El 3 de junio, el alcalde de Santa María Tlahuitoltepec, Erasmo Hernández González dio una conferencia de prensa en el Museo Textil de Oaxaca. En ella condenó a Isabel Marant y “toda institución o empresa pública, privada, nacional o internacional que, con fines de lucro, se apropie de los elementos culturales que caracterizan a los pueblos indígenas.” Acusó a la marca de no darle los créditos correspondientes a la artesanía local con más de 600 años de tradición.
Finalmente, Hernández González hizo un llamado a las autoridades y a Marant a reconocer el trabajo de su localidad, e incluso invitó a la diseñadora a conocer a las artesanas.
Después, la prensa internacional retomó la información. The Guardian publicó una nota que incluyó un nuevo conflicto, la segunda “empresa francesa” de la que habló la prensa mexicana esta mañana.
La marca de ropa Antik Batik interpuso una demanda en contra de Isabel Marant por plagio del mismo diseño en cuestión. El verano pasado, ambas compañías aún estaban en pleno litigio.
En su defensa, Isabel Marant presentó ante la corte francesa evidencia de que el origen e inspiración del diseño eran en efecto de la comunidad oaxaqueña. En un comunicado de la casa de moda, la compañía aclaró: “La señora Isabel Marant informó oficialmente a la corte, al cabo de rastrear el verdadero origen de sus prendas, que no reclama la autoría de la túnica ni estos diseños”.
De acuerdo a The Guardian, los artesanos de Santa María Tlahuitoltepec no sabían sobre la declaración de Marant. Tampoco se habló de retribución económica alguna a los oaxaqueños.
Cuatro meses después, las redes sociales retomaron el tema. El nuevo rumor era que Isabel Marant (o la otra “marca francesa”) había registrado como su propiedad intelectual el diseño mixe. Y no sólo eso, sino que el gobierno francés había hecho llegar al municipio de Tlahuitoltepec una demanda por el pago de regalías de sus prendas.
La Agencia Quadratin contactó a Erasmo Hernández al respecto, que afirmó desconocer la existencia del documento. Así mismo, Adelfo Regino, Secretario de Asuntos Indígenas del Gobierno de Oaxaca, tampoco sabe del supuesto documento y negó demanda alguna del gobierno francés.
“Nos llegó la noticia de un supuesto documento. Para corroborarlo he tenido comunicación con el presidente municipal, que dijo que no existe.” afirmó.
Entonces sí, Isabel Marant lucró con un diseño mexicano. Y sí, la artesanía indígena está desprotegida de plagio. Pero no, el supuesto registro nunca ocurrió.
Sin embargo, abrió de nuevo el debate sobre el tema de fondo: la falta de protección a la artesanía mexicana.
De acuerdo a Regino, los pueblos indígenas son dueños de la propiedad intelectual de sus creaciones porque las han usado históricamente para sus trajes tradicionales y son una parte fundamental de su patrimonio cultural. El funcionario cita al artículo 31 de la Declaración de las Naciones Unidas sobre los Derechos Indígenas que así lo establece.
El día de mañana, Regino aseguró que se reunirá con el presidente municipal de Santa María Tlahuitoltepec para analizar “el hecho de que esta empresa estaría violentando esta norma internacional al usar un diseño que corresponde a un pueblo indígena. Buscaremos acudir a las instancias que correspondan  ya sea de carácter nacional o internacional”.
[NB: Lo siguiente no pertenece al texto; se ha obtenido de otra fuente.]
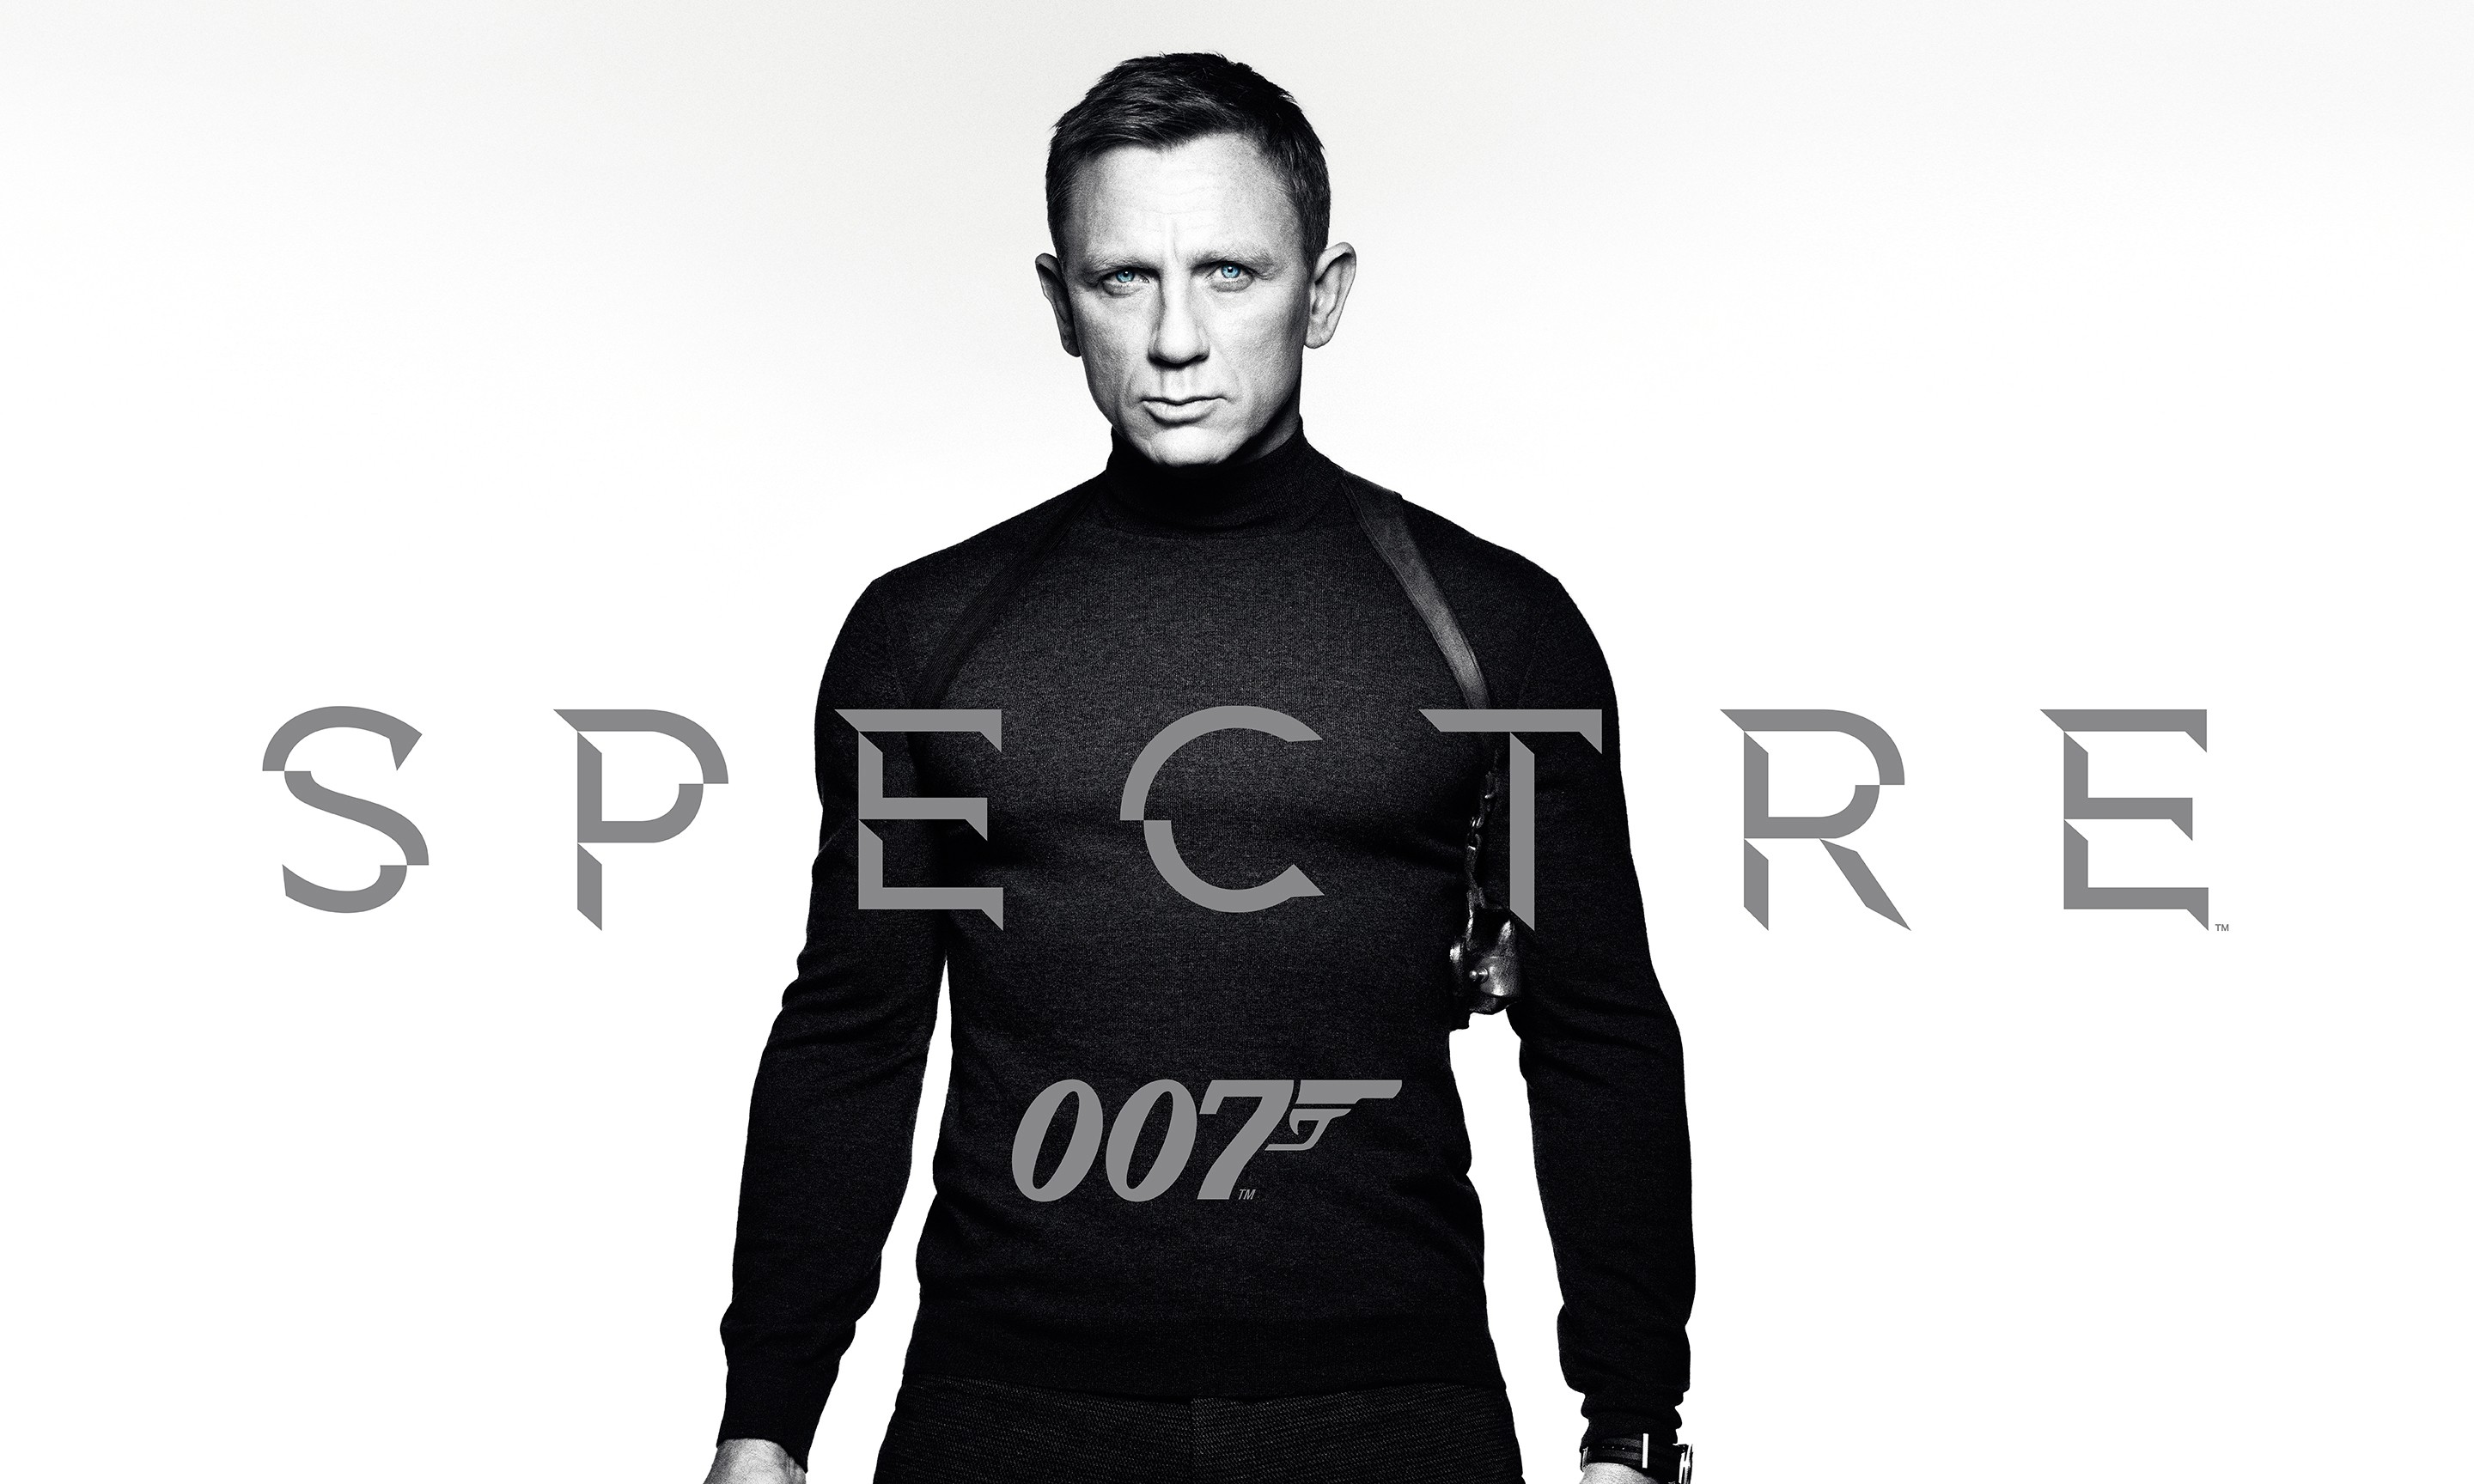 007 的选择,《spectre》片中 james bond 所穿服饰皆出自 tom ford
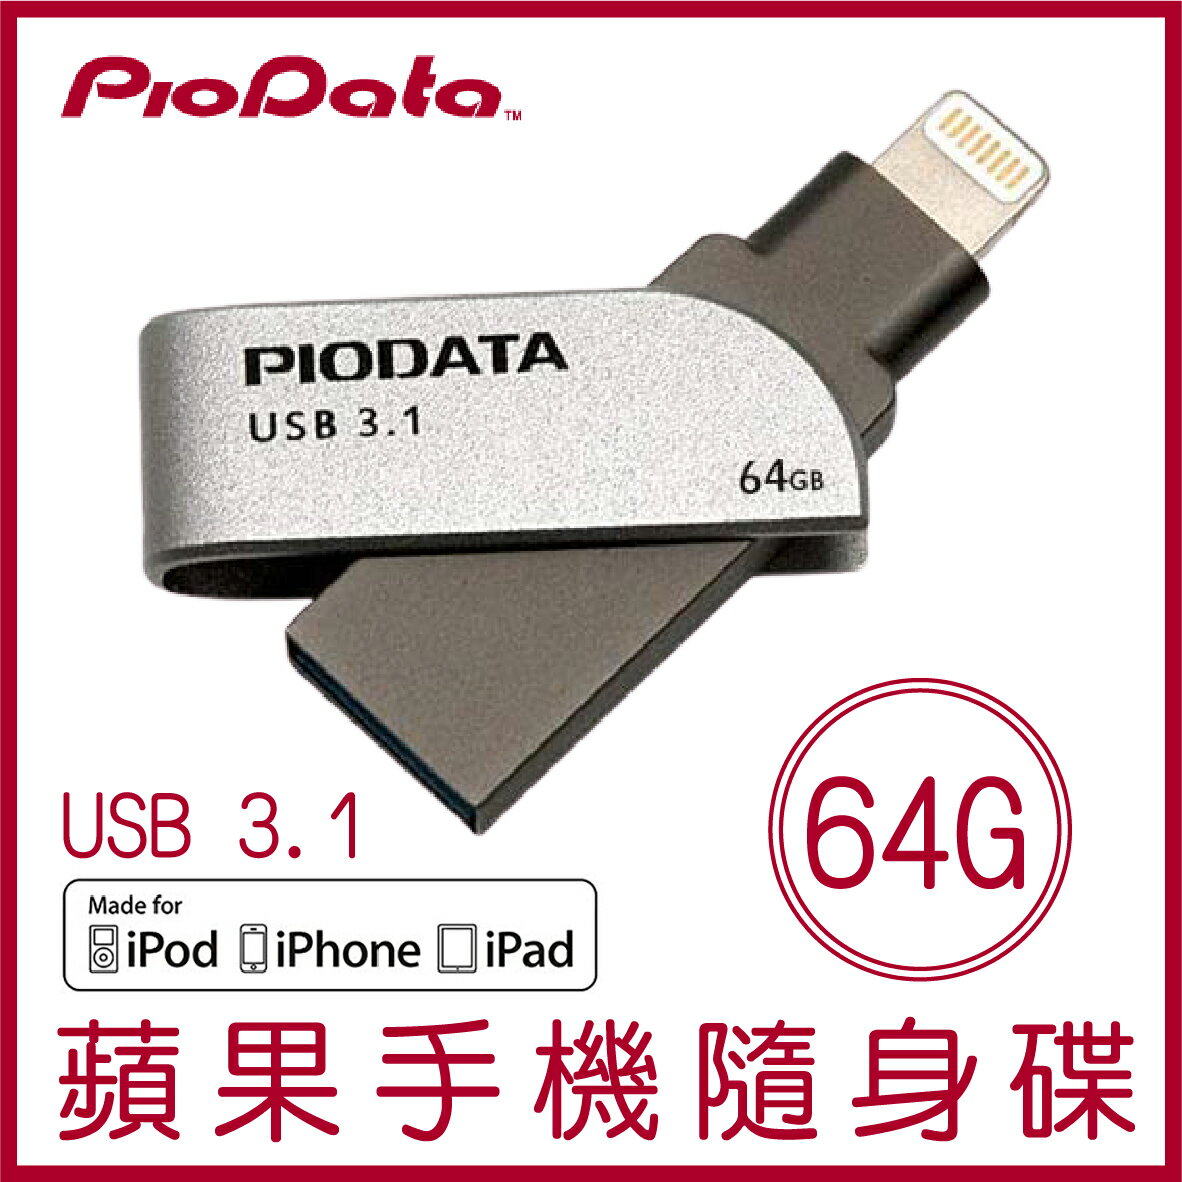 【最高22%點數】PIODATA iXflash 64GB Lightning USB3.1 蘋果隨身碟 iOS專用 OTG 雙用隨身碟【限定樂天APP下單】

En México, el secretario apelaría al Instituto Nacional del Derecho de Autor. Si no fuera la estrategia apropiada, apelaría a la Organización Mundial de Propiedad Intelectual, que asegura cuenta con un grupo de trabajo intergubernamental capacitado para tratar con temas de identidad de pueblos originarios.
Así mismo, el funcionario asegura que el reto de la administración del estado de Oaxaca es crear un régimen jurídico que garantice la propiedad intelectual colectiva en este tipo de cuestiones. “Lamentablemente la propiedad intelectual está regulada como un derecho individual, sólo personas  físicas pueden registrar una patente o una marca” dijo. Sin embargo, existen precedentes en protección a la artesanía en el mundo. Ejemplo de ello es Panamá que reconocer la propiedad colectiva respecto del patrimonio cultural de los pueblos indígenas.
Adolfo Regino aseguró que el siguiente paso será buscar una reforma constitucional que garantice un marco normativo que permita el registro de diseños y toda la gama de “creatividad artística indígena del país”.